FIG. 1 is a side sectional view of a camera head portion of an image photographing apparatus according to the present invention.

FIG. 2 is a sectional view taken along line XX of the camera head portion.

FIG. 3 is a principle explanatory diagram for explaining a basic principle of the present invention.

FIG. 4 is an example of an image in which a forward-view image and a side-view image obtained by the present imaging method are continuous.

FIG. 5 is a diagram illustrating the principle of developed image processing in the embodiment.

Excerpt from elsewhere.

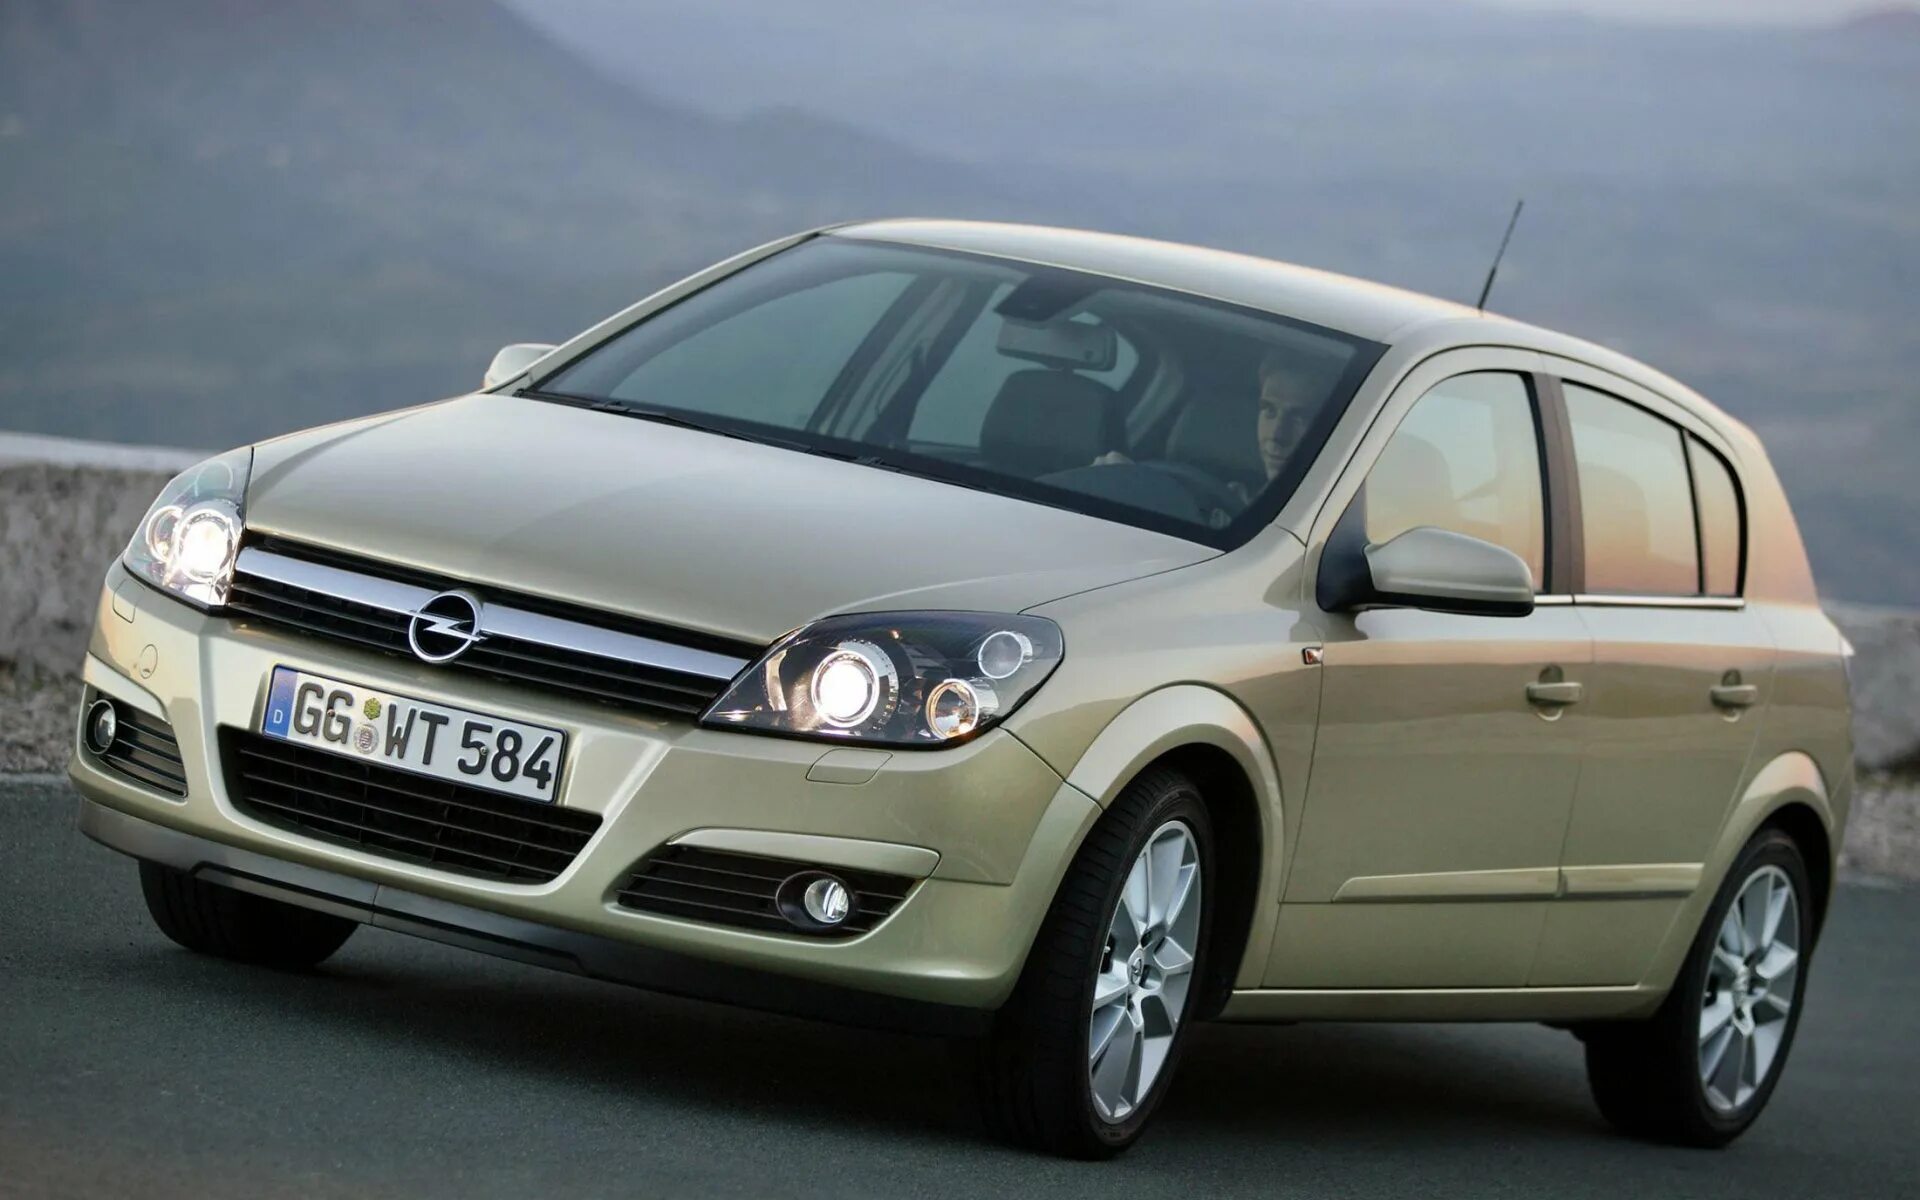 Opel Astra h 2006. Opel Astra h 2006 хэтчбек. Opel Astra h 2006 1.8. Opel Astra 1.4 2006. Opel h 2006

FIG. 6 is a block diagram showing a configuration of a reproduction device, an image development device, a developed image recording device, an input image monitor, and a developed image monitor of the present invention.

[Explanation of symbols]

 2 ・ ・ ・ Camera 3 ・ ・ ・ Internal mirror 4 ・ ・ ・ Image processing means

──────────────────────────────────────────────────続 き Continued on the front page (72) Inventor Shunichi Kamewada Reaks Co., Ltd. (56) References JP-A-4-161693 (JP, A) Hei 1-90001 (JP, A) (58) Fields investigated (Int. Cl. ⁶ , DB name) G01C 7/00-7/06 E21B 47/00-47/01 G01C 11/00-11/34 G02B 23/24

Claims (2)

(57) [Claims] A bottomless cylindrical inner mirror having a mirror surface formed on an inner surface thereof is disposed in a cavity with its center axis aligned with the optical axis of a camera. A side view image of a wall surface is projected, and the camera is configured to simultaneously shoot a forward view image passing through the inner space of the inner mirror and a side view image reflected on the inner mirror. The method of shooting inside the cavity. 2. A bottomless cylindrical inner mirror having a mirror surface formed on an inner surface, a side view image of a substantially cylindrical inner wall surface of a predetermined width of a cavity reflected on the inner mirror, and an inner space of the inner mirror. A camera disposed so that an optical axis is aligned with a center axis of the internal mirror so as to simultaneously capture a forward-looking image passing through the inside of the cavity.